Pls. let me know that how the 160 (or) 160000 is used to find the weight of s.steel blank?.
Thx.
Thx.
I saw a methode to find weight of steel blank.
This is the formula: Dia x Dia x Thick/160
How did 160 come?
Pakirmohd, what units do you work in for length and weight?
The equation for weight of a cylinder (i.e. circular blank) is:
Weight = (3.14*D*D/4)*(thickness)*(density)

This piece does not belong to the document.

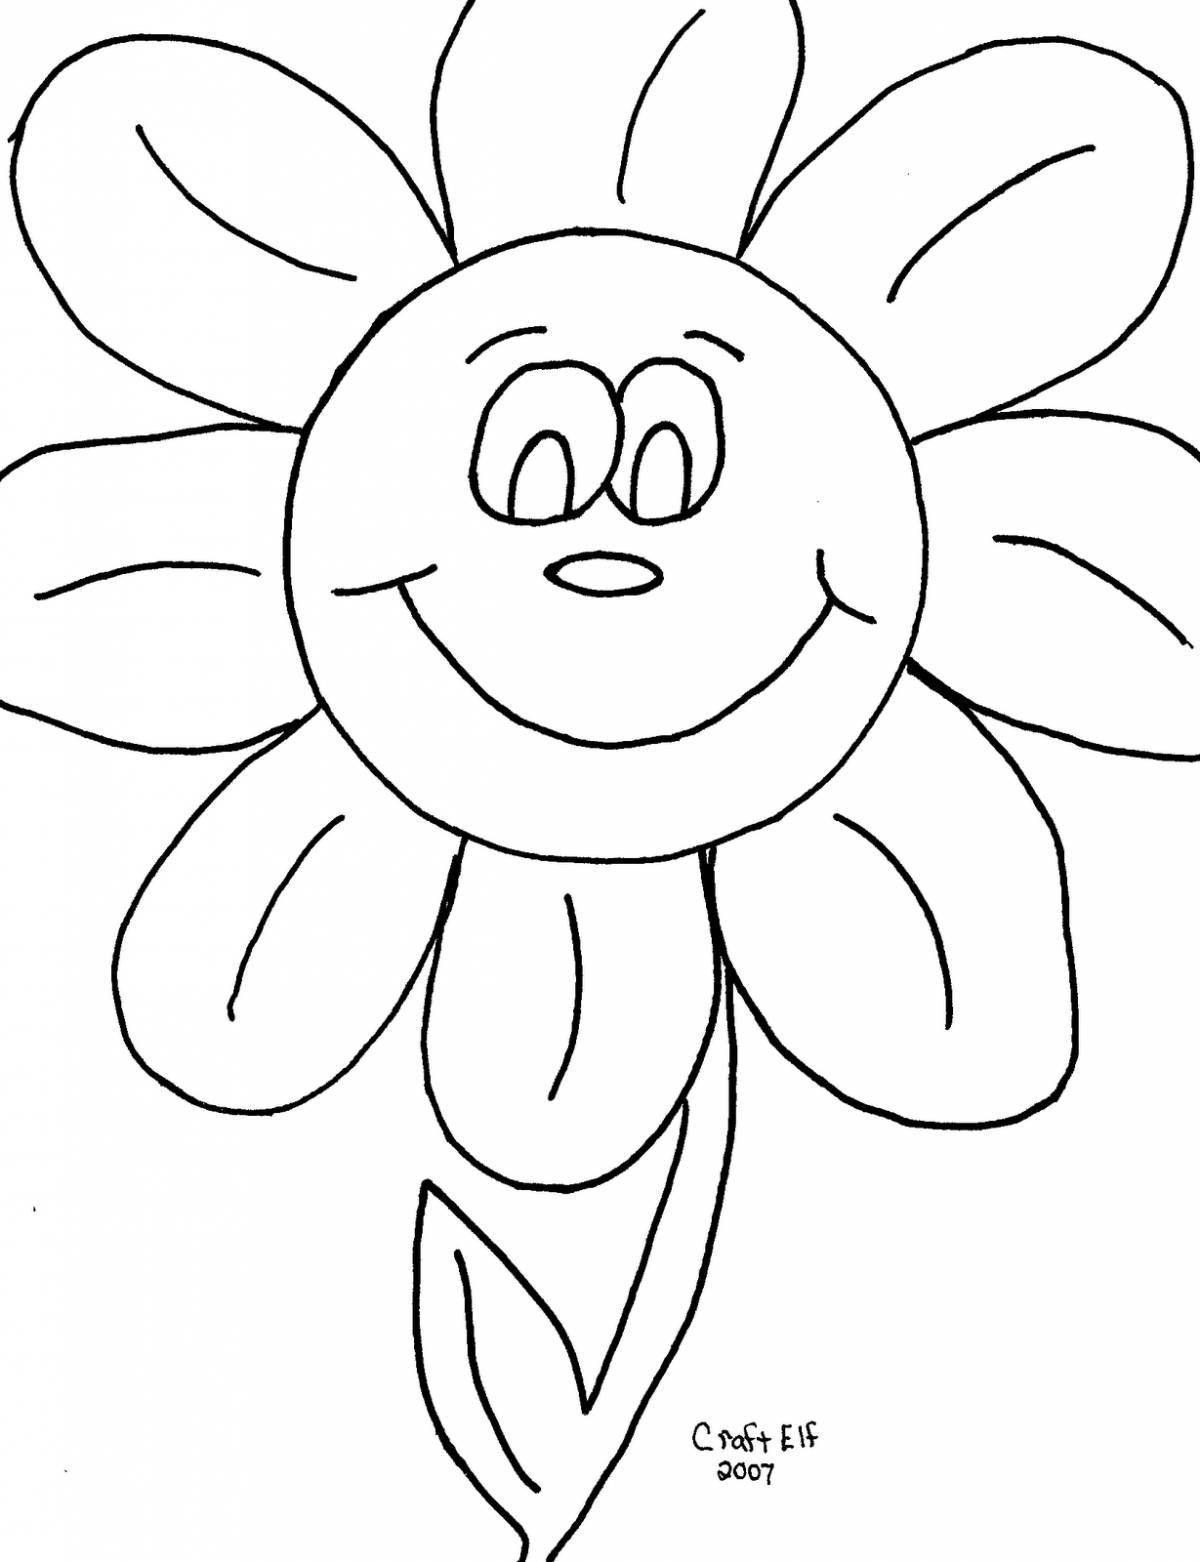 Radiant coloring page flower seven-flower template

The 160 probably comes from simplification of:
a) pi (3.14)
b) 4
c) the density of steel
d) any unit conversions.
Interesting. Thx.
I do not believe that the given equation can be assumed to be a valid general equation for determining tubing weights; because the substitution of D*d to replace "(D^2 - d^2)" in a the standard equation: (D^2 - d^2) * pi/4 * t (thickness of the plate) for the volume of metal in a cylinder is not valid.
The only way I can see the above equation being valid is if it is for a specific O.D. I.D. ratio tube; where, for example, d = D/2 and the 2 is one of the factors included in the 160 divisor value.
The D*D in above equation is only the equivalent of D^2 in the standard formula: D^2 * pi/4 * t for the volume of metal in a solid round bar.
I also performed trials using the standard density for a number of metals in the equation and none resulted in the 160 divisor value.
The equation I presented is only valid for a solid steel blank, see attached picture.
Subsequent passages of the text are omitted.